I think it would be very different if I had known them since they were little, but at 11 and 9 they are old enough to make their own decisions. I have only known them for 2 years and to be honest they accepted me straight away and other than the usual parenting style clashes and kids pushing boundaries it has been a really good blend so far.

dsd used to be really huggy and clingy with me but I think it was more because dp really struggled with splitting his time and affection between his two kids. his son is very demanding and would become hysterical of he didn't have daddy's 100% attention (he is the eldest) and she used me as a comfort blanket as she felt so neglected by her dad. having heard from several people including their mum's mum things were the same with her mum so she literally never had her turn at being centre of attention. my amazing mil (died last year) took me to one side and asked me to back her up with trying to make dp realise what he was doing. it took a long time but he has learnt brilliantly and now she gets her turn and he does stuff with them both and doesn't leave her out she doesn't want or need me to be her comfort blanket which is lovely!

OP posts:
shey03 · 08/09/2014 13:26

Yes, in the past my dp has equated that I don't hug/kiss his kids because I must not like them nor want to! How dense is that?!? What about the bigger issue, that they don't want me to! Jeez, the lead must come from the kids, I give the kids what they want, which is a distance between us... And that is because I do care for them. It's not that difficult to understand is it, I just really wonder the complexities of being a NRP when small things are so hard to grasp and that negative inferences are attached to everything left, right and centre... Sounds like you're doing a great job, just ignore dp as I do when he says things that are not right, in your heart you know they're not right.

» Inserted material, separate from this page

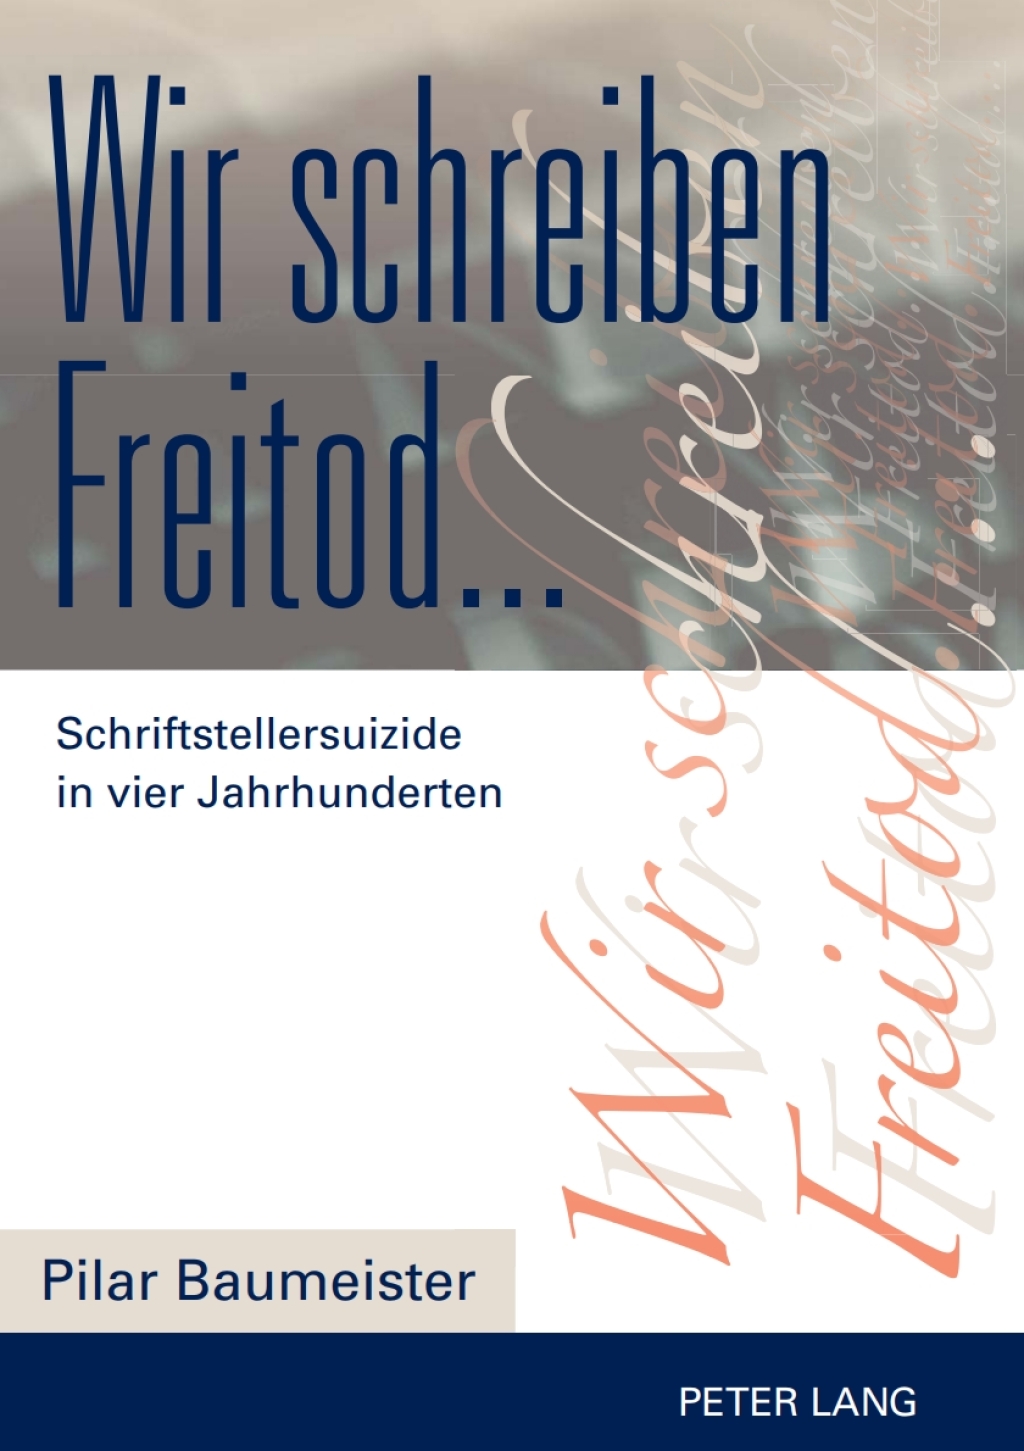 Wir schreiben Freitod... - 1st Edition (eBook)

wheresthelight · 08/09/2014 14:00

Aww thanks shey that is a lovely thing to hear! especially on these boards.

I think the biggest issue is the nrp is terrified that the kids will feel unwanted and not want to come to see them. and I do understand that fear. but they still need to have their privacy amd space respected just like we as adults do.

it is a very difficult juggling act especially when you have additional kids.

OP posts:
alwaystryingtobeafriend · 09/09/2014 06:36

Dsc's mother has told them they are not allowed to hug me - ever!! So its totally awkward when dp say to give me a hug. ive said to kids they dont have to its ok and i understand. But if thdy come for a hug ill happily recipricate. Dsd is more likely than dss. I also told dp to stop asking them to hug me as its up to them not him. I then got him to tell the kids that its up to them if they want to. He also proceeded to tell his ex she is being rediculous and making kids feel awkward. 3 yrs later think i have had about 5 hugs in total. Im not bothered i have a neice and nephew who love hugging their AuntieSmile

shey03 · 09/09/2014 17:10

Exactly Always, these poor kids are coached in alot of cases (certainly mine) to dislike us and to keep a distance. If we can accept it, surely our partners can empathise with us (and the kids) and accept it too. We're doing our best in a really awkward situation, I know I am, but rarely get any thanks for it!

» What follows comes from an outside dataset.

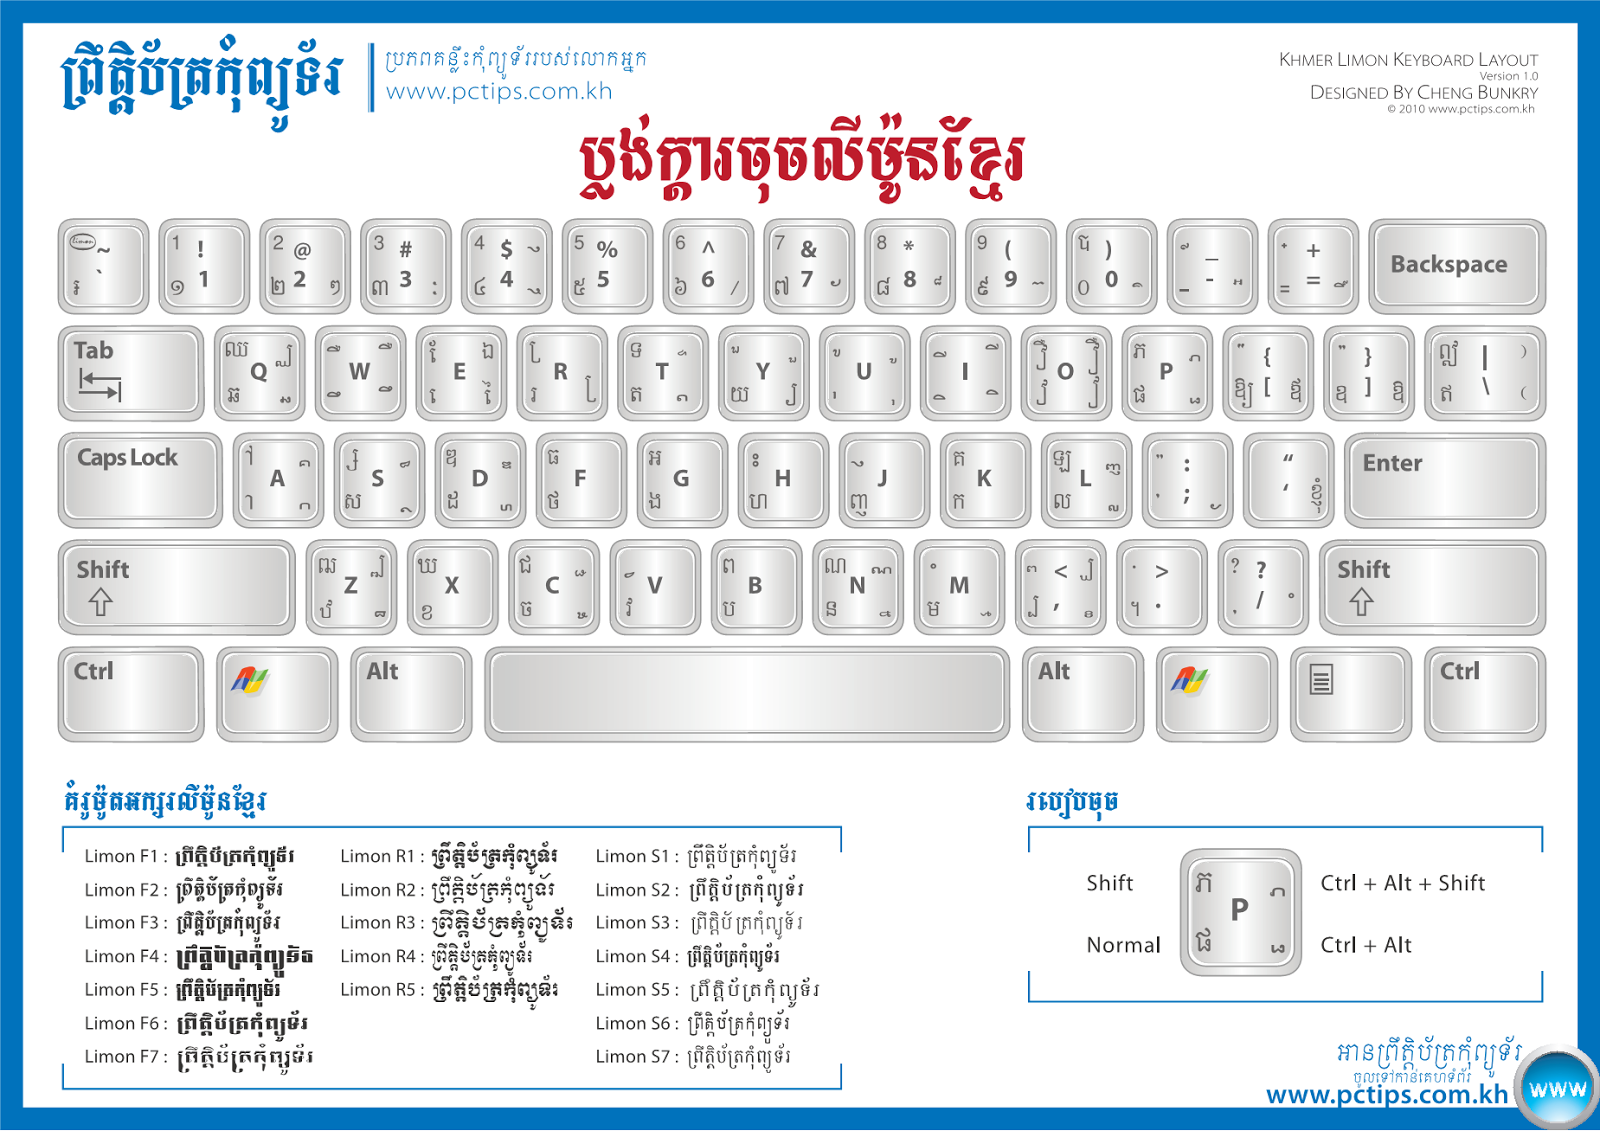 khmer unicode for windows 10

Despite how my dp's kids treat me and how it sometimes makes me feel, I am quite likeable/loveable lol! Grin Grin My kids and every other kid I know will happily give me hugs/conversation/jokes/laughs... except these ones as they're 'not allowed to' and probably any mention of anything positive will be WW3 in their house... Can't blame them really, if I was emotionally abused as a child in this way, I'd probably take the easy route and play along with mum. Feel so sorry for NRP's and partners like us who suffer for no reason other than an ex who chooses hate above everything/everyone else. Sad.